Please copy the data shown below, word for word.

(Information begins)

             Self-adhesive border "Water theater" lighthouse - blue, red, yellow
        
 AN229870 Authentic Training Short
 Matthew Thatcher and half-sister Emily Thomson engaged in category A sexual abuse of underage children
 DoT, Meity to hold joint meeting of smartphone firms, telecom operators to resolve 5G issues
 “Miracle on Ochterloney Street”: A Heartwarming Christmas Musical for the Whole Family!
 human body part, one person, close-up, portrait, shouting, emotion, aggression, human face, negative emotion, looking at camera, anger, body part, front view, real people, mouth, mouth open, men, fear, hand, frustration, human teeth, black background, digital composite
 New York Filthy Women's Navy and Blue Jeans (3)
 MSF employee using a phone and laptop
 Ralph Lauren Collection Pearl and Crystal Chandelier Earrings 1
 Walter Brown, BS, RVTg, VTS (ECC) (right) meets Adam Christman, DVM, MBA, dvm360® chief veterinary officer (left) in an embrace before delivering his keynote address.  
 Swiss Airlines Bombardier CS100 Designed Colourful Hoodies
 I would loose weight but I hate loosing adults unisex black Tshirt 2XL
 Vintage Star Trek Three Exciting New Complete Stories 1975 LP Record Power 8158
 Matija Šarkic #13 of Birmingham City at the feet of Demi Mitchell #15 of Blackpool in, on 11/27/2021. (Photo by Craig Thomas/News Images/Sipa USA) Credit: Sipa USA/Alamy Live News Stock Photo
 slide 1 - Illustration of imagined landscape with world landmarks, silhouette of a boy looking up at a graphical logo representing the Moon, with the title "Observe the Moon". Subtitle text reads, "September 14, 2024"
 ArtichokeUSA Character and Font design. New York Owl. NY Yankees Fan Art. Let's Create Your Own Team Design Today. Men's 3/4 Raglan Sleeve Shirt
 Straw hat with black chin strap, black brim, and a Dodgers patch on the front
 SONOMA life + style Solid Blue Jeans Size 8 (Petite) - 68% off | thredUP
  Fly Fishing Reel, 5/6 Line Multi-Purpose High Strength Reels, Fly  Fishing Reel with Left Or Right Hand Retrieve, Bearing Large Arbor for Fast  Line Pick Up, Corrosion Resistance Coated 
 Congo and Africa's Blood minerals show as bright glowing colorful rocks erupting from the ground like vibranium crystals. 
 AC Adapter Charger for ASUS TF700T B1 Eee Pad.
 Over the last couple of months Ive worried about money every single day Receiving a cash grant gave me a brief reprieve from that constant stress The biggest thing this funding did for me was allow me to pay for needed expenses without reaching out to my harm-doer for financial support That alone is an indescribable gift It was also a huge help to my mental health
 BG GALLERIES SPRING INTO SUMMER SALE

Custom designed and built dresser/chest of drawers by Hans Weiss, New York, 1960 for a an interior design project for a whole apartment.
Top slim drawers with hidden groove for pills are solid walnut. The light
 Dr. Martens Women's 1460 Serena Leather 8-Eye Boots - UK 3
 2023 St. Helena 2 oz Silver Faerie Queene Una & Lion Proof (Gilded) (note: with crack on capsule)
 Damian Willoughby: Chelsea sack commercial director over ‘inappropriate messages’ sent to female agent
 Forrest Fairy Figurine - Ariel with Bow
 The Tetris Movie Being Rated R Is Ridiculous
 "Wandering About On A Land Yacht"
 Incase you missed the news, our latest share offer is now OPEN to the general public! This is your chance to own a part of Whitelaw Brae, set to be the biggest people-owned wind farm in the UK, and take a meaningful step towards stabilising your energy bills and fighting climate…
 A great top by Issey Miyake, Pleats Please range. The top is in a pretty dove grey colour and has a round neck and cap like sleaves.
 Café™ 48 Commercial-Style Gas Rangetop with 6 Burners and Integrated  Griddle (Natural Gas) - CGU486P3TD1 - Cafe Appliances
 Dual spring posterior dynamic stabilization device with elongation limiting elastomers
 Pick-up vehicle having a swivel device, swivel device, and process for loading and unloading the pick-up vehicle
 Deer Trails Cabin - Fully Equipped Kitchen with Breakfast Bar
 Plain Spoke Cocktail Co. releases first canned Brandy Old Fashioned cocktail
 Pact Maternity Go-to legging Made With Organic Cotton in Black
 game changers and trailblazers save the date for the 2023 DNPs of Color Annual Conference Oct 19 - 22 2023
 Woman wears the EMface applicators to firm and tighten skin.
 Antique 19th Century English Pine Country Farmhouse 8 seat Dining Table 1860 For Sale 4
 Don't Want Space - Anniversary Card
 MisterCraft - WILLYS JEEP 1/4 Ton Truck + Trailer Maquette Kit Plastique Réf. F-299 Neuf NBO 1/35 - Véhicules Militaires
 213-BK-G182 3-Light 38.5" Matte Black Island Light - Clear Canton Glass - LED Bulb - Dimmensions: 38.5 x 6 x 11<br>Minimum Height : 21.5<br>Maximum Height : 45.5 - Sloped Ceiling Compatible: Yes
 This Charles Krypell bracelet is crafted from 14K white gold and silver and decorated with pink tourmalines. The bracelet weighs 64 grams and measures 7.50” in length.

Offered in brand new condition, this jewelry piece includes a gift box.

(Information ends)

▶ [Your response]:
             Self-adhesive border "Water theater" lighthouse - blue, red, yellow
        
 AN229870 Authentic Training Short
 Matthew Thatcher and half-sister Emily Thomson engaged in category A sexual abuse of underage children
 DoT, Meity to hold joint meeting of smartphone firms, telecom operators to resolve 5G issues
 “Miracle on Ochterloney Street”: A Heartwarming Christmas Musical for the Whole Family!
 human body part, one person, close-up, portrait, shouting, emotion, aggression, human face, negative emotion, looking at camera, anger, body part, front view, real people, mouth, mouth open, men, fear, hand, frustration, human teeth, black background, digital composite
 New York Filthy Women's Navy and Blue Jeans (3)
 MSF employee using a phone and laptop
 Ralph Lauren Collection Pearl and Crystal Chandelier Earrings 1
 Walter Brown, BS, RVTg, VTS (ECC) (right) meets Adam Christman, DVM, MBA, dvm360® chief veterinary officer (left) in an embrace before delivering his keynote address.  
 Swiss Airlines Bombardier CS100 Designed Colourful Hoodies
 I would loose weight but I hate loosing adults unisex black Tshirt 2XL
 Vintage Star Trek Three Exciting New Complete Stories 1975 LP Record Power 8158
 Matija Šarkic #13 of Birmingham City at the feet of Demi Mitchell #15 of Blackpool in, on 11/27/2021. (Photo by Craig Thomas/News Images/Sipa USA) Credit: Sipa USA/Alamy Live News Stock Photo
 slide 1 - Illustration of imagined landscape with world landmarks, silhouette of a boy looking up at a graphical logo representing the Moon, with the title "Observe the Moon". Subtitle text reads, "September 14, 2024"
 ArtichokeUSA Character and Font design. New York Owl. NY Yankees Fan Art. Let's Create Your Own Team Design Today. Men's 3/4 Raglan Sleeve Shirt
 Straw hat with black chin strap, black brim, and a Dodgers patch on the front
 SONOMA life + style Solid Blue Jeans Size 8 (Petite) - 68% off | thredUP
  Fly Fishing Reel, 5/6 Line Multi-Purpose High Strength Reels, Fly  Fishing Reel with Left Or Right Hand Retrieve, Bearing Large Arbor for Fast  Line Pick Up, Corrosion Resistance Coated 
 Congo and Africa's Blood minerals show as bright glowing colorful rocks erupting from the ground like vibranium crystals. 
 AC Adapter Charger for ASUS TF700T B1 Eee Pad.
 Over the last couple of months Ive worried about money every single day Receiving a cash grant gave me a brief reprieve from that constant stress The biggest thing this funding did for me was allow me to pay for needed expenses without reaching out to my harm-doer for financial support That alone is an indescribable gift It was also a huge help to my mental health
 BG GALLERIES SPRING INTO SUMMER SALE

Custom designed and built dresser/chest of drawers by Hans Weiss, New York, 1960 for a an interior design project for a whole apartment.
Top slim drawers with hidden groove for pills are solid walnut. The light
 Dr. Martens Women's 1460 Serena Leather 8-Eye Boots - UK 3
 2023 St. Helena 2 oz Silver Faerie Queene Una & Lion Proof (Gilded) (note: with crack on capsule)
 Damian Willoughby: Chelsea sack commercial director over ‘inappropriate messages’ sent to female agent
 Forrest Fairy Figurine - Ariel with Bow
 The Tetris Movie Being Rated R Is Ridiculous
 "Wandering About On A Land Yacht"
 Incase you missed the news, our latest share offer is now OPEN to the general public! This is your chance to own a part of Whitelaw Brae, set to be the biggest people-owned wind farm in the UK, and take a meaningful step towards stabilising your energy bills and fighting climate…
 A great top by Issey Miyake, Pleats Please range. The top is in a pretty dove grey colour and has a round neck and cap like sleaves.
 Café™ 48 Commercial-Style Gas Rangetop with 6 Burners and Integrated  Griddle (Natural Gas) - CGU486P3TD1 - Cafe Appliances
 Dual spring posterior dynamic stabilization device with elongation limiting elastomers
 Pick-up vehicle having a swivel device, swivel device, and process for loading and unloading the pick-up vehicle
 Deer Trails Cabin - Fully Equipped Kitchen with Breakfast Bar
 Plain Spoke Cocktail Co. releases first canned Brandy Old Fashioned cocktail
 Pact Maternity Go-to legging Made With Organic Cotton in Black
 game changers and trailblazers save the date for the 2023 DNPs of Color Annual Conference Oct 19 - 22 2023
 Woman wears the EMface applicators to firm and tighten skin.
 Antique 19th Century English Pine Country Farmhouse 8 seat Dining Table 1860 For Sale 4
 Don't Want Space - Anniversary Card
 MisterCraft - WILLYS JEEP 1/4 Ton Truck + Trailer Maquette Kit Plastique Réf. F-299 Neuf NBO 1/35 - Véhicules Militaires
 213-BK-G182 3-Light 38.5" Matte Black Island Light - Clear Canton Glass - LED Bulb - Dimmensions: 38.5 x 6 x 11<br>Minimum Height : 21.5<br>Maximum Height : 45.5 - Sloped Ceiling Compatible: Yes
 This Charles Krypell bracelet is crafted from 14K white gold and silver and decorated with pink tourmalines. The bracelet weighs 64 grams and measures 7.50” in length.

Offered in brand new condition, this jewelry piece includes a gift box.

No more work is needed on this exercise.